Finding a cereal that suits my eating plan has been difficult, my biggest challenge has been reducing carbohydrates and increasing my protein intake.

I found Protein First at Woolworths Supermarket Potts Point, and it probably fits my plan best. There are some days where I just don't have time to cook eggs!

Protein First is made of Barley Flakes, and until I get the time to mix my own cereal flakes, it is the best thing I can find. I usually add a tablespoon of milled flaxseed and serve using shape milk.

There is actually a shortage of this cereal in Supermarkets at the moment due to high temperatures during the growing season, until November 2010 apparently only Coles will stock Protein First!
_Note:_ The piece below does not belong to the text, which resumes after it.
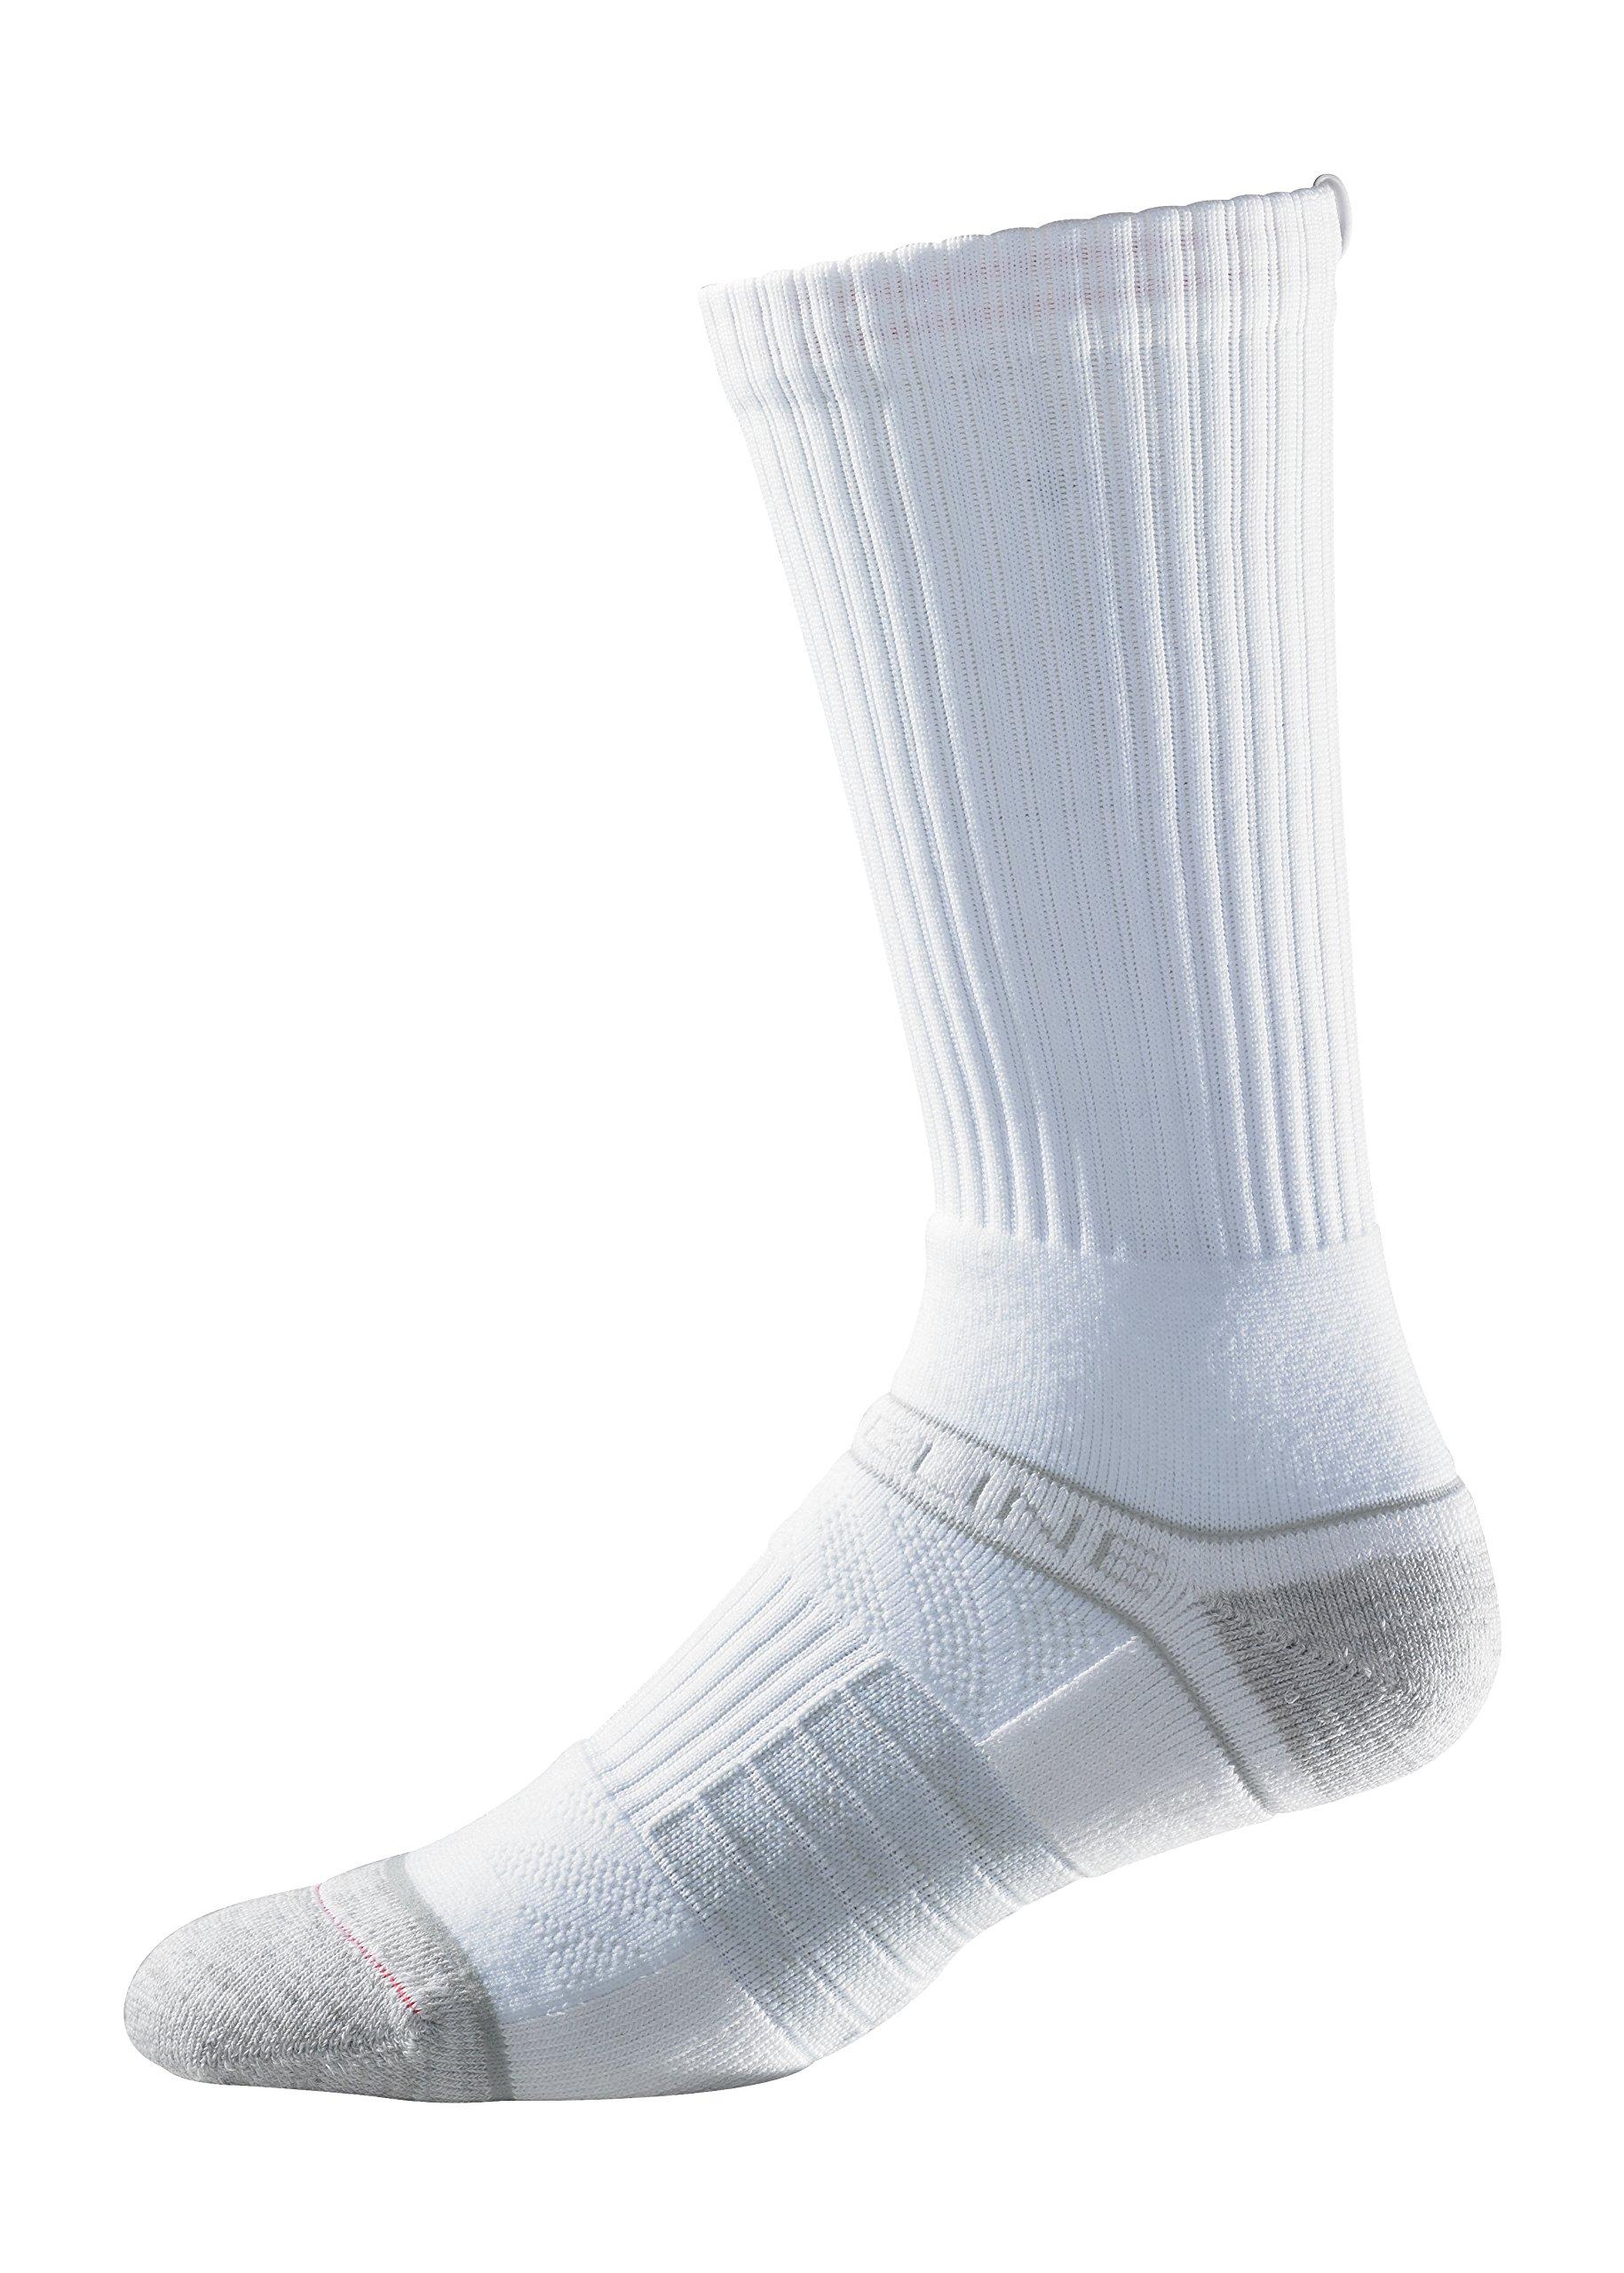 Strideline Youth Premium Athletic Crew Socks, One Size

Looks like I will be walking further up the street to Coles then...

You can learn more at:
http://www.goodnesssuperfoods.com.au/products/protein

Wednesday, May 12, 2010

Greek-style lemon chicken soup

I first tasted this recipe when a Greek woman at work had her mother make it for a 'soup club' I belonged to. I always remembered the unique flavour and it's a perfect high-protein nourishing meal.

This recipe is enough for 2 people, with leftovers for about 3 lunches.

INGREDIENTS
Stock (if you can't be bothered to do this, you can use 4-6 cups of prepared stock)
1 large onion, thinly sliced
2 celery stalks, chopped
1 large carrot, thinly sliced
6 black peppercorns
strip of lemon zest
1 small bunch of fresh dill or flat-leaf parsley
1.5 litres water

3 small skinless chicken breast fillets (about 350 g in total)
¾ cup quinoa
juice of 1 lemon
2 medium eggs, beaten
1 tablespoon of milled flaxseed
salt and pepper
sprigs of fresh dill or flat-leaf parsley to garnish


METHOD
1. Put the chicken breast fillets, onion, celery, carrot, black peppercorns, lemon zest and bunch of dill in a large saucepan. Add the water. Bring to the boil over a medium heat, skimming off any foam that comes to the surface. Reduce the heat and half cover the pan with a lid, so the water just bubbles gently. Simmer for 15 minutes or until the chicken is cooked through.

2.Remove the chicken from the pan and set aside. Strain the stock through a sieve into a clean pan, discarding the vegetables and flavourings.

3. Reheat the stock until boiling, then stir in the quinoa. Simmer gently for 8–10 minutes or until the quinoa is almost tender. Meanwhile, cut or tear the chicken into thin shreds, and mix the lemon juice with the beaten eggs.

4. Add the shredded chicken to the soup. Heat over a medium heat until the soup almost starts to boil again. Remove the pan from the heat and pour in the lemon juice mixture, stirring constantly. Serve seasoned with salt and pepper to taste and garnished with sprigs of dill.